Can only work if the host knows the correct door so he always offers you one incorrect and one correct so 50/50... Your first choice is always 1/3 so you get better odds if you change.... factor in the mental conditioning and you should always swap........

Sure the mythbusters covered this on one show......

[colouredmirrorball]

I remember this one from a statistics course. The host has to know which is the winning door.

Each door has a chance of 1/3 to win.

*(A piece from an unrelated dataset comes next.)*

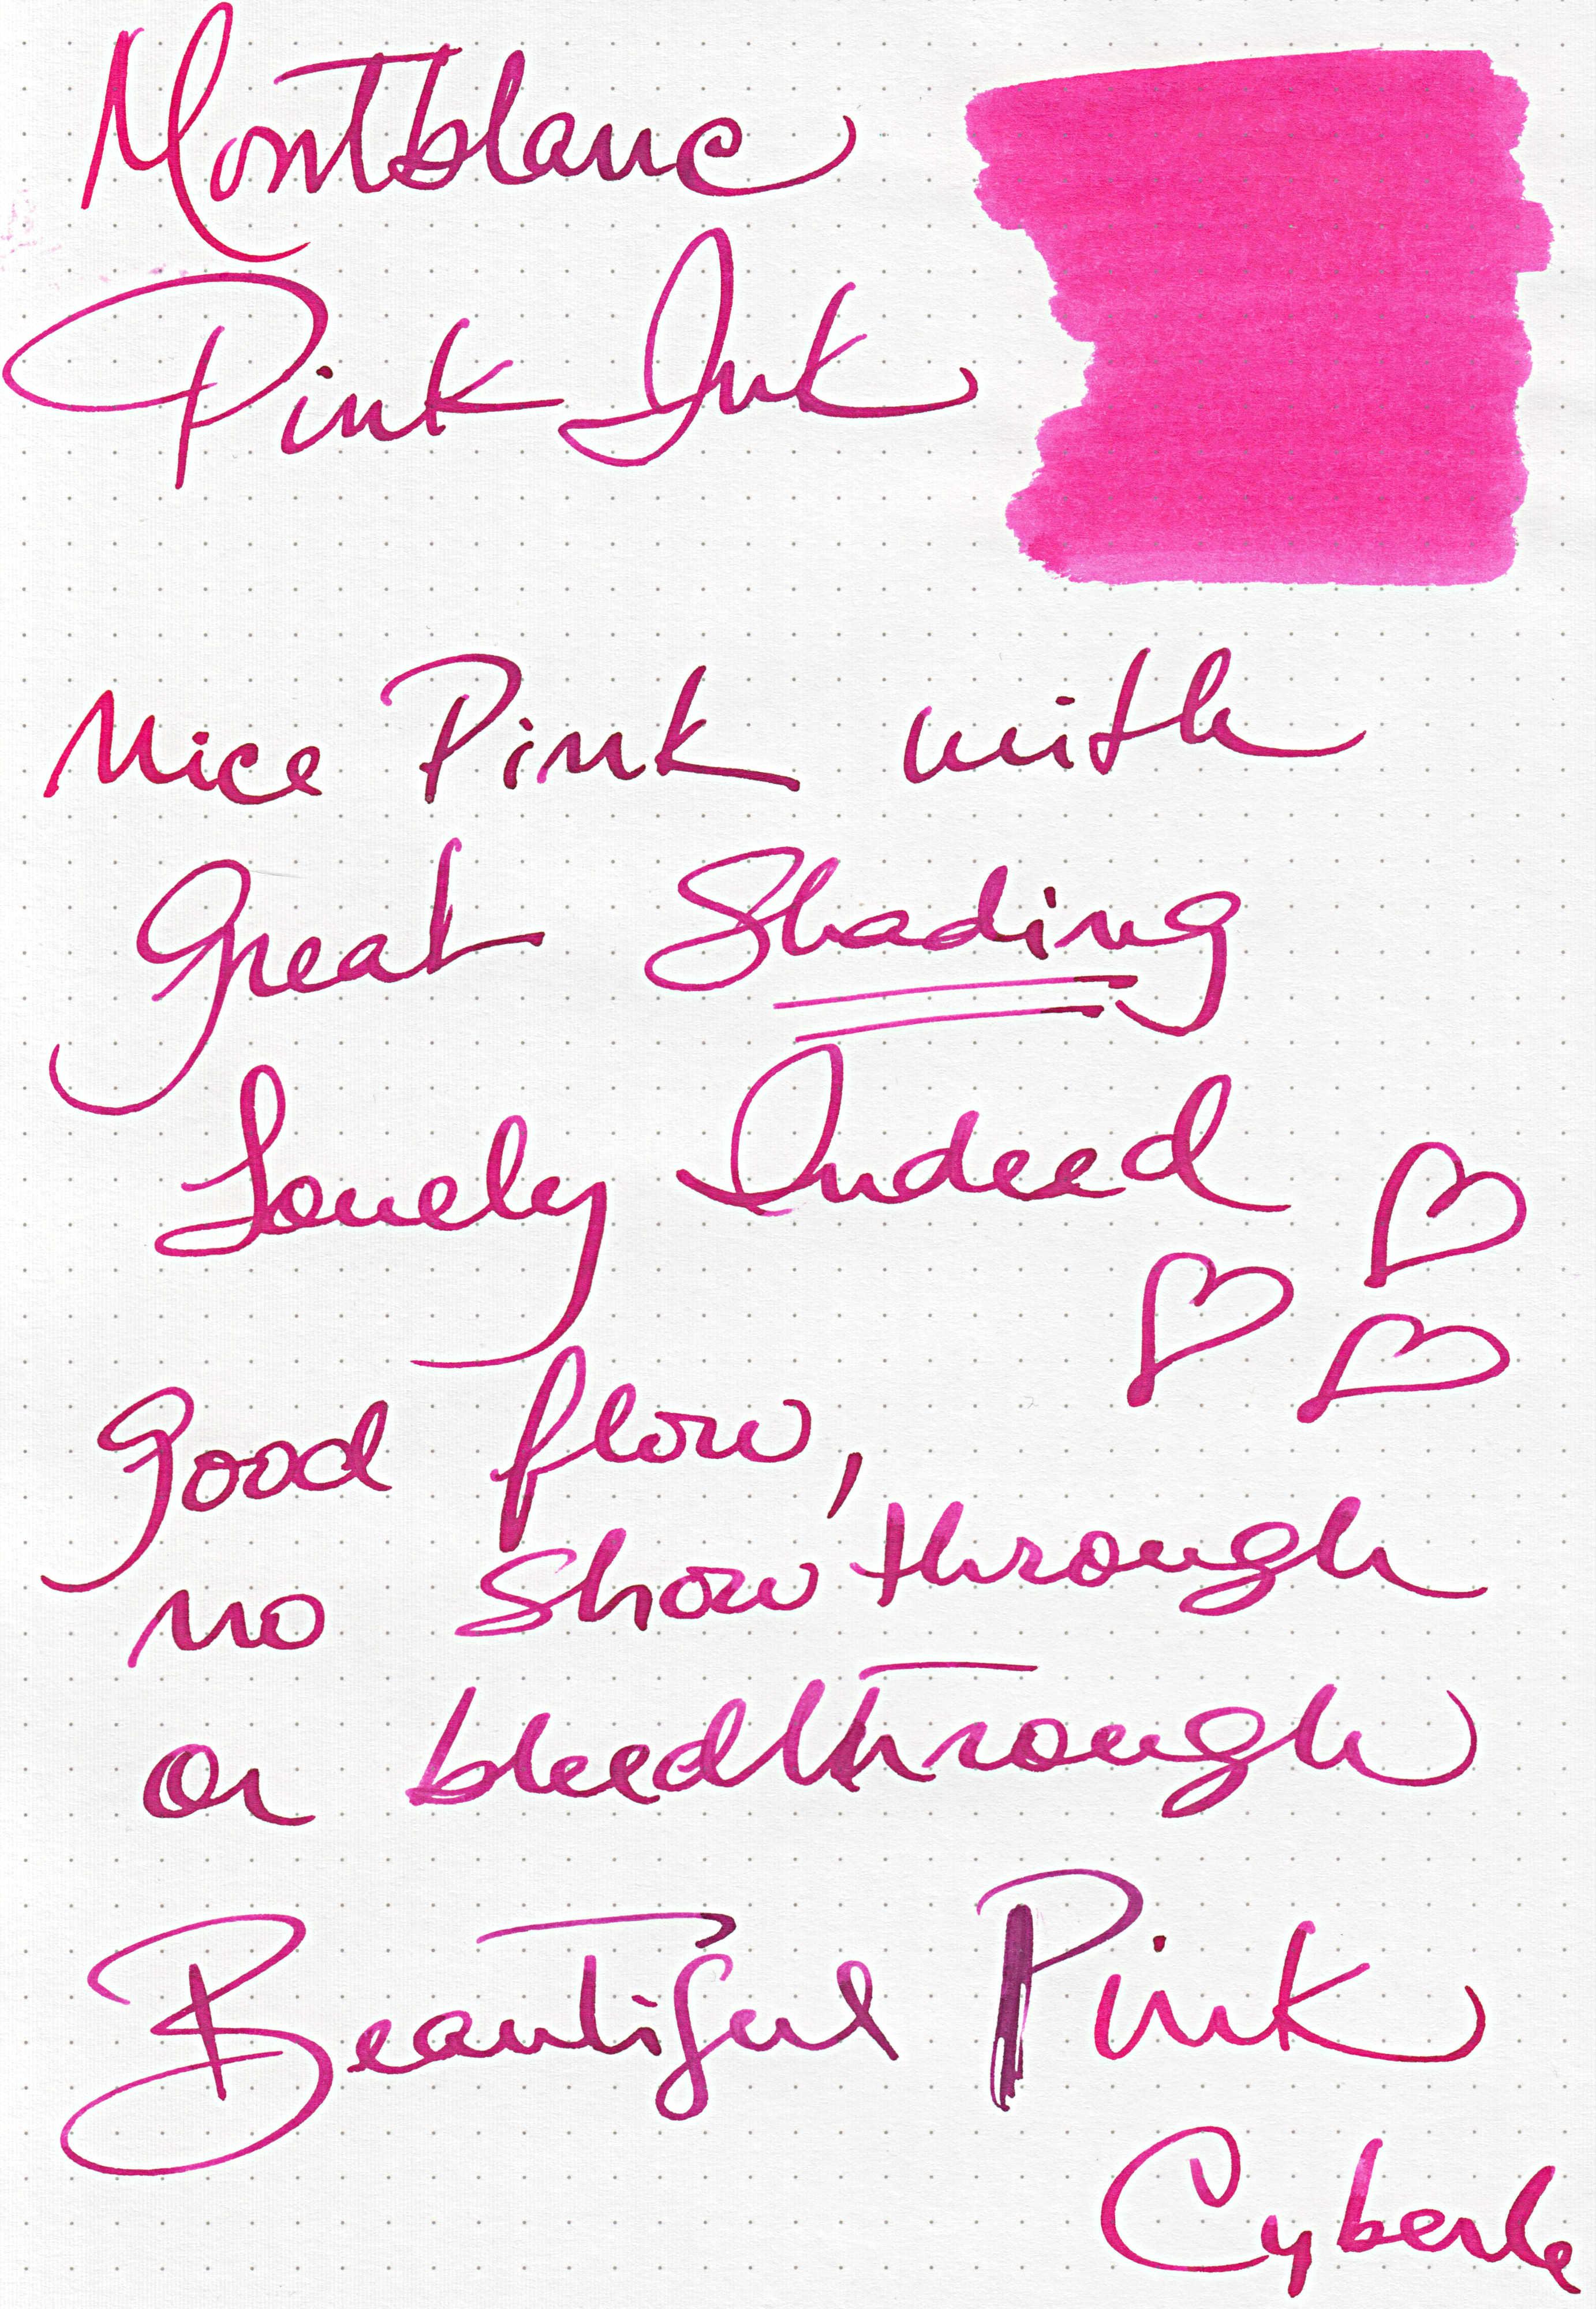 fpn_1426306924__montblanc_pink02.jpg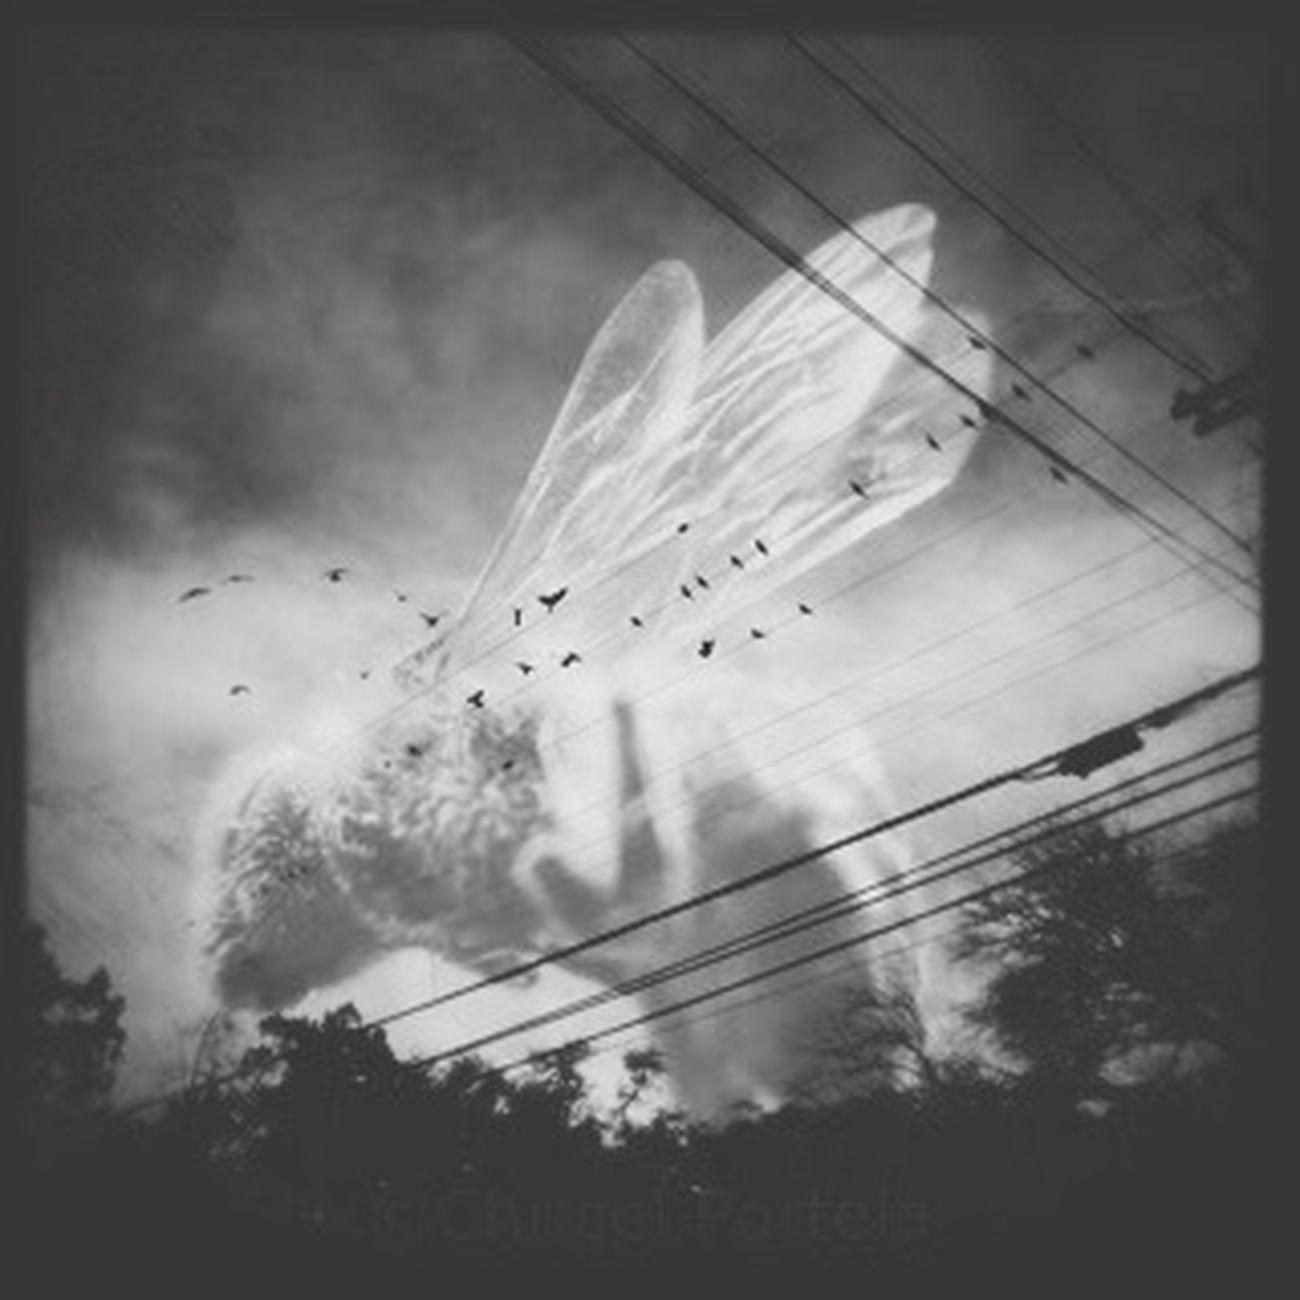 Birds Bees Bijoucep Sky Blackandwhite Noir Et Blanc Fragility Wings Nature

Pick one at random and name it door A, the other two doors B and C.
The host now announces he will open door B or C and the candidate can choose to remain at door A, or switch to the other door.
If door A was the winning door, the host can open doors B and C at a random chance. If door A was NOT the winning door, then door B or C is the winning one. In this case, the host will of course not open the winning door. This is an extra piece of information which alters the chances.

[dsli_jon]

Heya P'fessor -

Oi, would-have posted this an hour-ago, but just got off a 1 hour-long sales-call... wow.. Ok...

I dont get how the probability flips between 1/3 chance of picking the car to better odds if you switch doors after your initial choice.

It really doesn't. Your odds 'improve', of course, when the Host eliminates one of the 3 choices, from 1/3 to 2/3, but as-to 'do your 'odds' actually improve', if you switch, this quote from the subtopic "Variants" of that article is most explicative (bold-highlight, mine..): "...in any case the probability of winning by switching is at least 1/2 (and can be as high as 1), while the overall probability of winning by switching is still exactly 2/3." - it's a matter of 'how you look at it' - including the 3rd choice, in the overall odds, yes, means that your 'chances' have improved from 1/3, to 2/3... but, in the 'actual-odds', you're gonna pick the car or not, and that's 1/2..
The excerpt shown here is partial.